And during that 10-year stretch, net income rose at an annualized pace of 13.2%. Furthermore, Visa’s strong profitability can’t be ignored. Its operating margin in the latest fiscal quarter (Q2 2024 ended March 31) was a reported 61%, which is outstanding. You’d struggle to find companies that exceed this lofty figure.
That stellar financial track record has been propelled by the ongoing secular trend of cashless transactions. As the internet and smartphones proliferate, making the world and commerce more digitized, there is a greater need to transact without the use of paper-based methods.
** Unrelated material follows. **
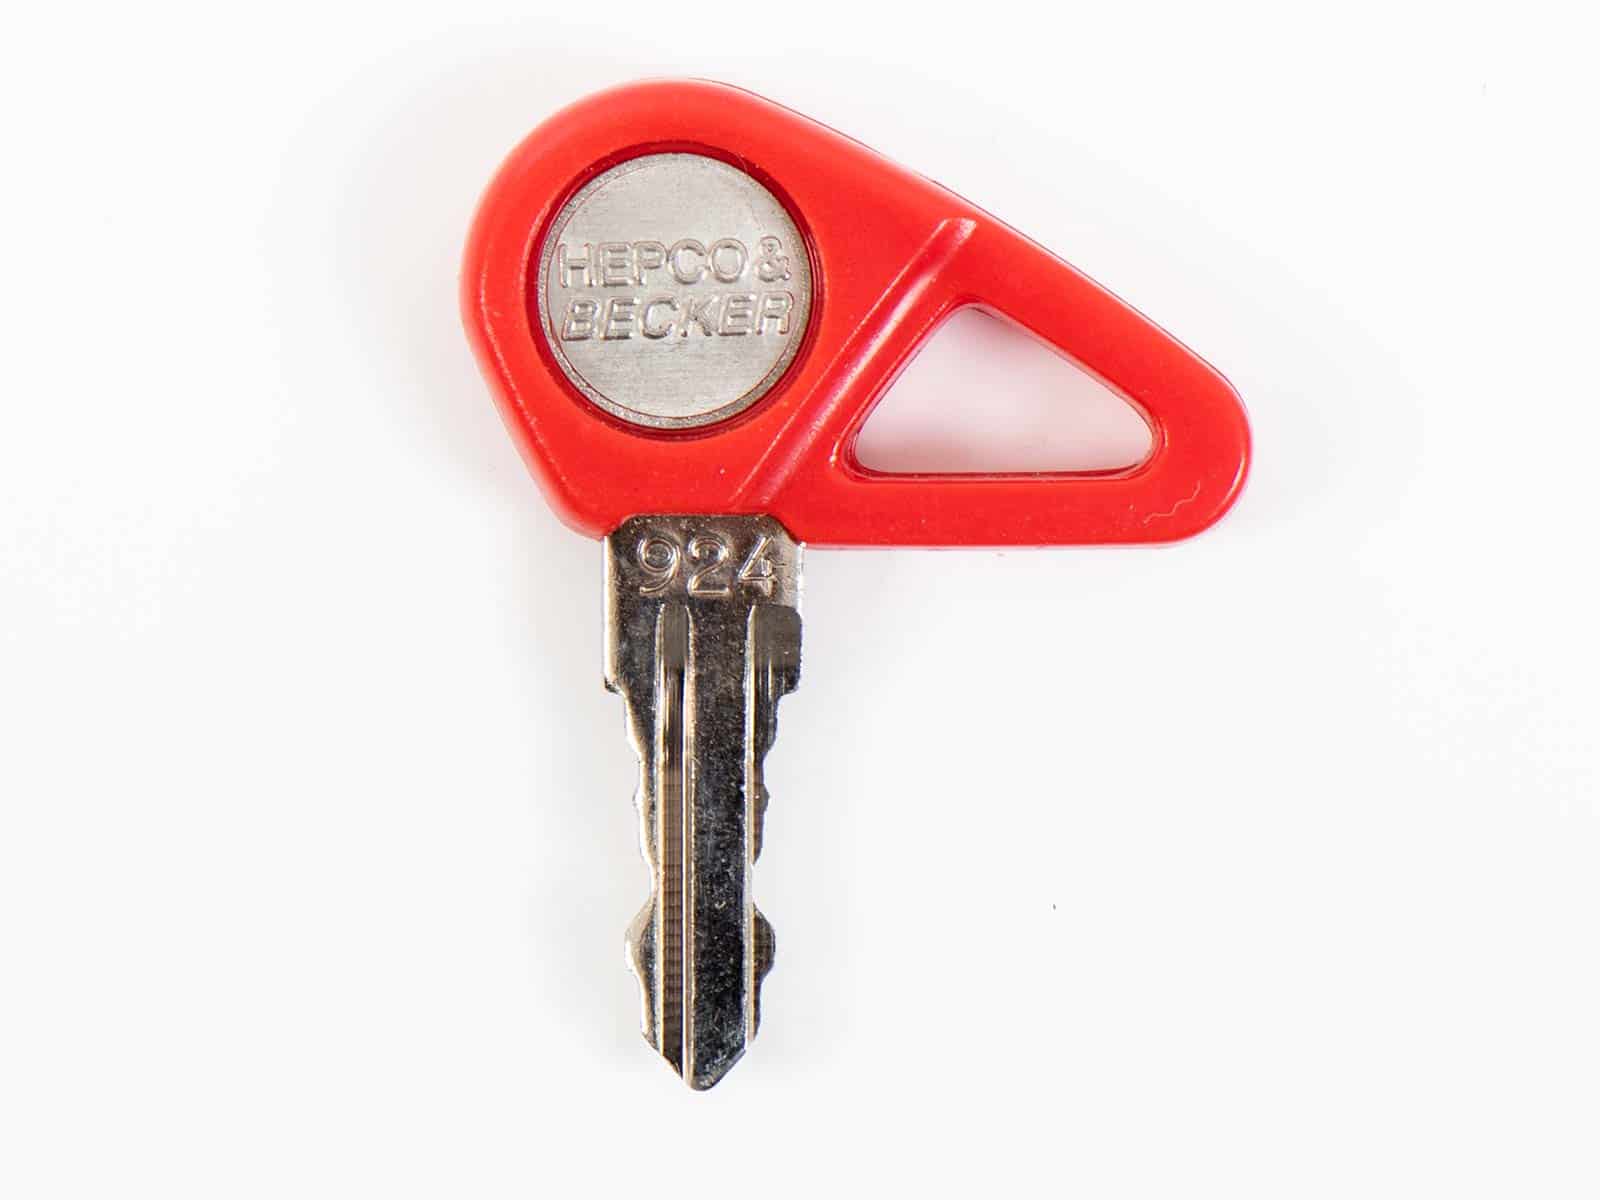 Hepco&Becker Spare key (1pcs)

In the U.S., which is one of the most developed economies, there is still room for Visa to expand its penetration. According to Pew Research Center, 58% of Americans still used cash for all or some of their weekly transactions in 2022. I’d expect that figure is slightly lower today, but you get the idea of the growth potential. In emerging markets — such as Latin America, Africa, and Southeast Asia — Visa’s opportunity is likely much larger.
Network effects are another reason to appreciate this business. Visa has 4.4 billion cards in circulation that are accepted at 130 million merchant locations across the globe. This broad reach makes the Visa network incredibly valuable for consumers (because the cards are accepted everywhere) and for merchants (because so many individuals are cardholders). This favorable setup gives me confidence that the company is not going to get disrupted anytime soon.
It comes down to valuation
I’d bet that the vast majority of investors who follow Visa and understand its operations would agree that this is truly one of the most outstanding businesses on the face of the planet. Its financial performance, ridiculous profitability, growth potential, and network effects are wonderful qualities that should at least place this company on anyone’s investment watch list.
However, that doesn’t automatically make the stock a screaming buy. A good business doesn’t always result in a good investment. Investors need to also assess the valuation. If you overpay for a stock, the returns could be disappointing. On the other hand, if you pay the right price, there could be added upside as the market starts to appreciate the company more.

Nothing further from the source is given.